Now that things are on track, Townshend is confident the product line, which includes tooth powder and an organic babies range, will appeal to those outside the green club.
“Even if consumers are not interested in the fact that the products are beneficial to the environment, they'll want to try it because it's a great product.
“SA is still a bit behind the times, so we don't have this kind of thing available here yet. It's been so great going on the Internet and finding products and thinking, 'I can sell this'.”
The dirty side of clean
Everyday, millions of people slather on soap and scrub their teeth, not realising many of these products have been tested on animals. 'Vivisection' refers to the cutting up of live animals for experimental purposes, although the term is now broadly used to refer to any experiments conducted on animals.
It's a reality Townshend came across by chance one day, and the powerful message drove her to change her already conscious habits even further.
“I've always cared for animals, and was aware of things from a young age. One day I got handed a bunch of pamphlets and one was about compassionate shopping. After reading it, I went through all my bathroom cupboards to see whether they contained products that were tested on animals.”
She describes one of the tests routinely done by major pharmaceutical and cleaning material companies: “The LD50, or lethal dose 50, involves force-feeding a group of animals to see how much of that substance is needed to kill half of them.
“So when you swallow your toothpaste and don't die, it's because 10 000 rabbits had to do the LD 50.” Animal Rights Africa adds that many of the animals die from ruptured organs as a result of the force feeding process and not from the test product. “There are alternatives, but it's more expensive,” adds Townshend.
“What I want is to get people to know what's in their regular shampoo and bar of soap.”
Townshend is quick to point out the difference between products branded 'cruelty-free' and 'cruelty-free certified'. “Anyone can slap on a label that says it's cruelty-free, but only if it's been the through the process and is certified cruelty-free do you know it actually is what it says it is.”
During the next few months, she'll focus on getting the online shop up and running and doing promotion work by partnering with animal networks like BWC. “I plan to network a lot and get it to spread via word of mouth.

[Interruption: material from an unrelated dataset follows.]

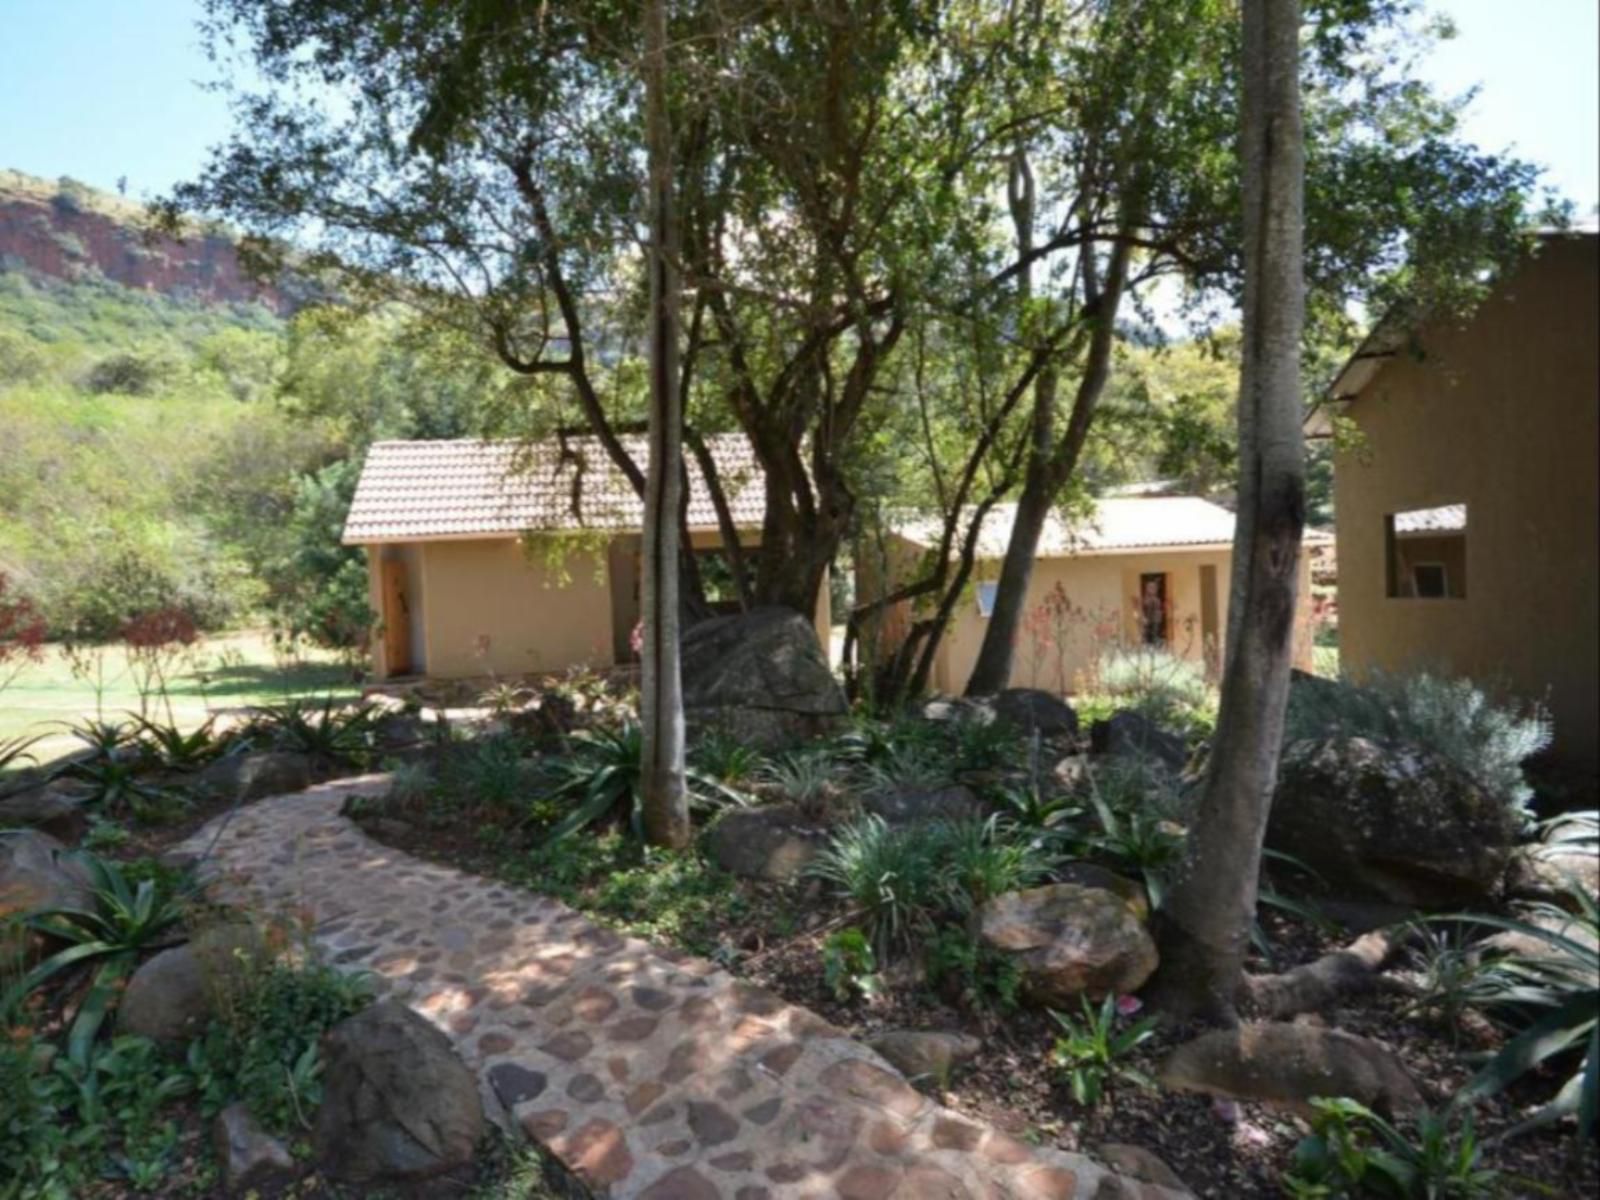 Rocky Drift Private Nature Reserve Waterval Boven Mpumalanga South Africa House, Building, Architecture, Palm Tree, Plant, Nature, Wood, Garden

If I spend a whole pile on advertising then the price will go up, and I don't want to do that.”
[EMBEDDED]Townshend notes that the other part of the thinking behind Harmless House was that it could support Fairly Wild financially.
“They work so well together; the people that go to these game farms and spas will want to buy products that are green and cruelty-free. It's a combination of the two things I'm really interested in. I know it'll take time, but I'm okay with that.”
Townshend says she knows she's lucky to have “very generous parents” who are funding the project until she can generate a turnover. “I have great faith in these products, and once people begin knowing what's in their products and start opening their minds, it can't fail.
“It's not about getting everyone to understand the whole spectrum of environmental issues, but about getting them to understand one aspect - to know what products they use, and what goes into them.”
She hopes Harmless House will both educate people about compassionate shopping, and give them the ability to act on it. “The little birds in the Harmless House logo also stand for freedom of choice; to choose the right option.”
In some ways, her story echoes the message found on the Environmental Toothbrush: “The hundreds of choices we make each day impact the environment. Sometimes it's a big decision... sometimes it's as small as changing your toothbrush.”
And sometimes it's taking the leap and starting a small but passion-driven business online.